Culturebox

Folk Heroes

The Coen Brothers’ Inside Llewyn Davis is the best film ever made about the folk revival—and one of the best ever made about music, period.

Oscar Isaac, Justin Timberlake and Adam Driver in Inside Llewyn Davis.
Oscar Isaac, Justin Timberlake and Adam Driver in Inside Llewyn Davis.
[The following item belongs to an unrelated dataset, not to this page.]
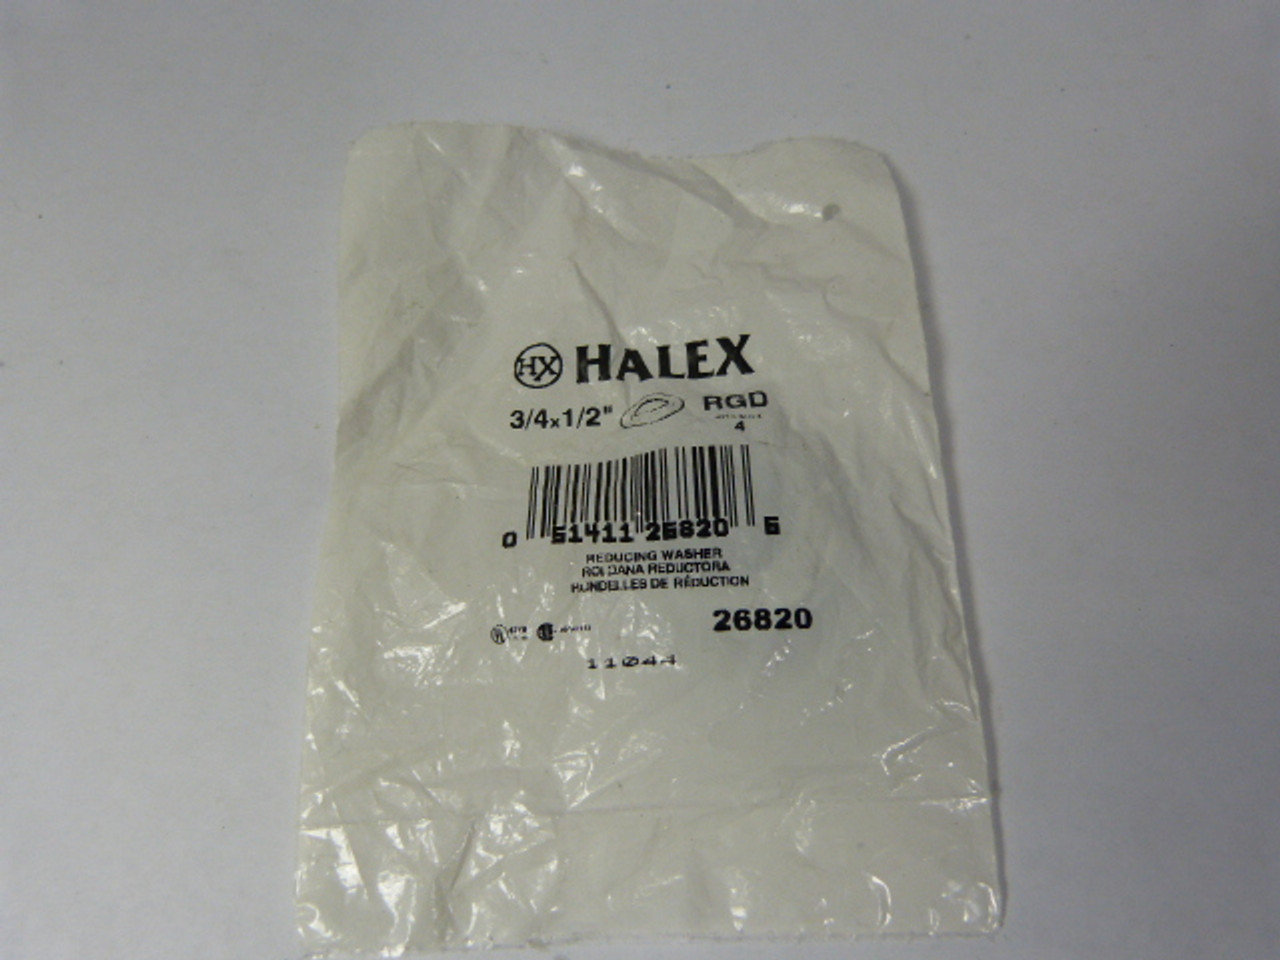 Halex 3/4X1/2 Reducing Washer NWB

Photo courtesy Alison Rosa/CBS Films

In September of 1961 the New York Times’ folk music critic Robert Shelton saw an unknown 20-year-old perform at a club in Greenwich Village. The singer, wrote Shelton, “is vague about his antecedents and birthplace, but it matters less where he has been than where he is going, and that would seem to be straight up.” Six months later Shelton’s mystery man released his self-titled debut on Columbia Records, Bob Dylan, a collection of mostly covers that sold poorly. In spring of 1963 he returned with The Freewheelin’ Bob Dylan, a 13-track LP that opened with an original composition called “Blowin’ In the Wind.” Two years and a few other decent songs later, he scandalously plugged in an electric guitar at the Newport Folk Festival, ending his relationship with the community that had birthed him. Just last week that guitar sold at auction for nearly $1 million. It’s safe to say Bob Dylan won the divorce.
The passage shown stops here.